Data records
• • •

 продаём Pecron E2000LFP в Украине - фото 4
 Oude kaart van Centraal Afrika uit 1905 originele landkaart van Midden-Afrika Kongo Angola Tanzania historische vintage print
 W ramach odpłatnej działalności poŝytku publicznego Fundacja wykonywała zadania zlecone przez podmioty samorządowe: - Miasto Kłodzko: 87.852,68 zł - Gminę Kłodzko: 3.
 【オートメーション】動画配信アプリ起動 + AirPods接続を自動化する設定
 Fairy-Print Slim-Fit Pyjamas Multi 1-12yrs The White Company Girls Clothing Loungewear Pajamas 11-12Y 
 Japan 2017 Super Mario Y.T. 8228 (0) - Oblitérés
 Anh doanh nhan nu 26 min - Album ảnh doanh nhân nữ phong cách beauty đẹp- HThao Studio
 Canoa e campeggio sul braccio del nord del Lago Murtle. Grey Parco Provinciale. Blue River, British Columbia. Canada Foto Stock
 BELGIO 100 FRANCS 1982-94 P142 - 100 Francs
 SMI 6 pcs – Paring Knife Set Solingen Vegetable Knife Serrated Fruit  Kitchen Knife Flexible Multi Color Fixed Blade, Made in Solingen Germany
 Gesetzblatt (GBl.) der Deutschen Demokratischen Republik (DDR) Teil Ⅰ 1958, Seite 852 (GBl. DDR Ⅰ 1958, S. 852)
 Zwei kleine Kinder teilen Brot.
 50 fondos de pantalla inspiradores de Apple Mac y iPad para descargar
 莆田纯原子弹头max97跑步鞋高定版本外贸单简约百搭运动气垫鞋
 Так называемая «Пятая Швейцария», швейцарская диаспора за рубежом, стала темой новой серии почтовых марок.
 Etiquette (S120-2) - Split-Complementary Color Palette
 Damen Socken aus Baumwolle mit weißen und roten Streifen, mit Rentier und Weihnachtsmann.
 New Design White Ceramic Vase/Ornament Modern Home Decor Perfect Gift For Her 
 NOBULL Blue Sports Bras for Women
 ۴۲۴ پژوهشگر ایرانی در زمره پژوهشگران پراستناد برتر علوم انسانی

• • •

*Work order*: Set down, exactly as they appear above, all lines from the one that has "W ramach odpłatnej" down to the one that has "BELGIO 100 FRANCS 1982-94 P142 - 100 Francs", including those two and no others.

*Your solution*:
 W ramach odpłatnej działalności poŝytku publicznego Fundacja wykonywała zadania zlecone przez podmioty samorządowe: - Miasto Kłodzko: 87.852,68 zł - Gminę Kłodzko: 3.
 【オートメーション】動画配信アプリ起動 + AirPods接続を自動化する設定
 Fairy-Print Slim-Fit Pyjamas Multi 1-12yrs The White Company Girls Clothing Loungewear Pajamas 11-12Y 
 Japan 2017 Super Mario Y.T. 8228 (0) - Oblitérés
 Anh doanh nhan nu 26 min - Album ảnh doanh nhân nữ phong cách beauty đẹp- HThao Studio
 Canoa e campeggio sul braccio del nord del Lago Murtle. Grey Parco Provinciale. Blue River, British Columbia. Canada Foto Stock
 BELGIO 100 FRANCS 1982-94 P142 - 100 Francs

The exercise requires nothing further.